Focused On-demand Libraries - Receptor.AI Collaboration


Explore the Potential with AI-Driven Innovation

The focused library is created on demand with the latest virtual screening and parameter assessment technology, supported by the Receptor.AI drug discovery platform. This method is more effective than traditional methods and results in higher-quality compounds with better activity, selectivity, and safety.


We pick out particular compounds from an extensive virtual database of more than 60 billion molecules. The preparation and shipment of these compounds are facilitated by Reaxense.


The library includes a list of the most promising modulators annotated with 38 ADME-Tox and 32 physicochemical and drug-likeness parameters. Also, each compound is presented with its optimal docking poses, affinity scores, and activity scores, providing a comprehensive overview.

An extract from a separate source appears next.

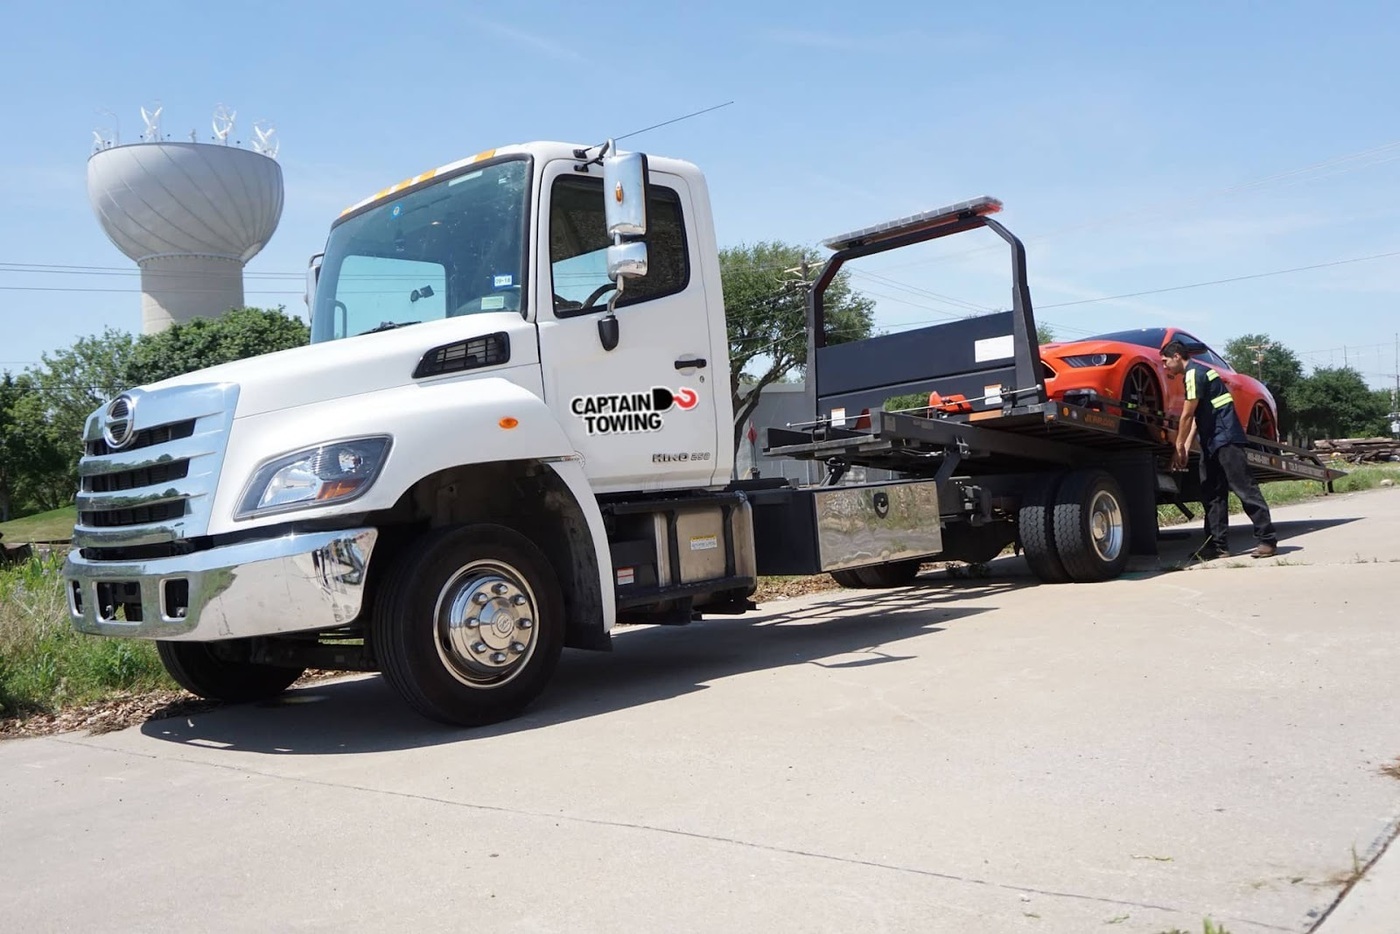 Captain Towing Dallas is a professional towing company in Dallas, TX. The company offers all kinds of auto towing services, car lockout services, roadside assistance, and emergency towing.

We utilise our cutting-edge, exclusive workflow to develop focused libraries.


 

Fig. 1. The screening workflow of Receptor.AI

Our strategy employs molecular simulations to explore an extensive range of proteins, capturing their dynamics both individually and within complexes with other proteins. Through ensemble virtual screening, we address proteins' conformational mobility, uncovering key binding sites at both functional regions and remote allosteric locations. This comprehensive investigation ensures a thorough assessment of all potential mechanisms of action, with the goal of discovering innovative therapeutic targets and lead molecules across across diverse biological functions.


Our library is unique due to several crucial aspects:


  • Receptor.AI compiles all relevant data on the target protein, such as past experimental results, literature findings, known ligands, and structural data, thereby enhancing the likelihood of focusing on the most significant compounds.

  • By utilizing advanced molecular simulations, the platform is adept at locating potential binding sites, rendering the compounds in the focused library well-suited for unearthing allosteric inhibitors and binders for hidden pockets.

  • The platform is supported by more than 50 highly specialized AI models, all of which have been rigorously tested and validated in diverse drug discovery and research programs. Its design emphasizes efficiency, reliability, and accuracy, crucial for producing focused libraries.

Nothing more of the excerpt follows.